The Asphalt Jungle is better than The African Queen, and it is much better than most films of any era. The characters are memorable, the action is compelling, and the direction is slick. Certainly, it is highly influential. Much superior films, such as Kubrick's The Killing and Tarantino's Reservoir Dogs owe much to the style and story flow of The Asphalt Jungle.
The characters are exaggerated, of course, but this makes them no less interesting. We are offered a sniveling, sweaty bookie (Marc Lawrence); the glum-faced and none-too-bright tough guy anti-hero (Sterling Hayden); the relentless but tediously humorless racketeer buster (John McIntire); the cynical, confession-beating cop on the take (Barry Kelley); the pathetic hostess with a heart of gold (Jean Hagen); the lecherous yet unflappable aged heist manager (Sam Jaffe); the spendthrift and playboy executive (Louis Calhern) whose greed and lack of scruples digs his own grave.

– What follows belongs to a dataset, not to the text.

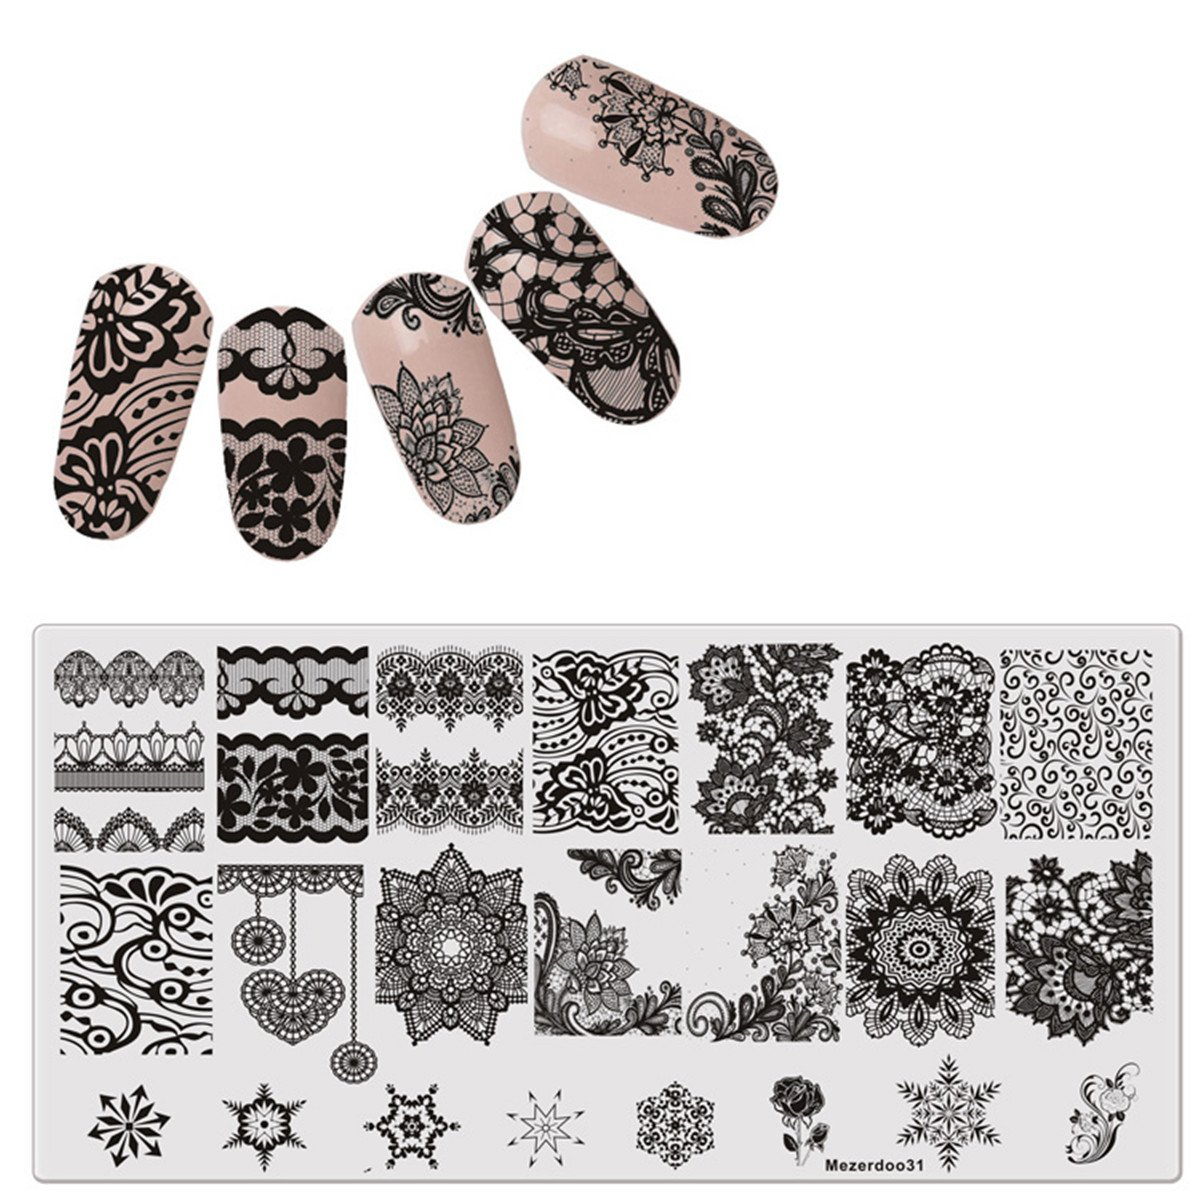 Amazon.com : Born Pretty Nail Art Stamping Template Image Plate Lace ...

The Production Code ensures that they will all go down, except of course the crime busting Police Commissioner, who burns several minutes of screen time laboriously proving that most cops are good. Or, at least, that all cops are good most of the time. The thickly applied 'crime doesn't pay' morality turns the final third of the film into a checklist. Yep, that guy got what's coming to him. Who's next?
Some of these resolutions are overly dramatic. The most satisfying has Jaffe staying too long at a soda shop, as his weakness for teenage girls leads to an arrest without shouting or gunplay. The silliest ending involves Hayden, but I've revealed too much already.
Marilyn Monroe, one of the most famous actresses of the 1950s, has a star-making small role as Calhern's childlike mistress. An even bigger break that year came in All About Eve.
The Asphalt Jungle was nominated for four Academy Awards: Best Supporting Actor (Jaffe), Best Director, Best Screenplay (Ben Maddow, John Huston), and Best Black and White Cinematography (Harold Rosson). The film was swept in the first three categories by All About Eve, while The Third Man took the latter Oscar.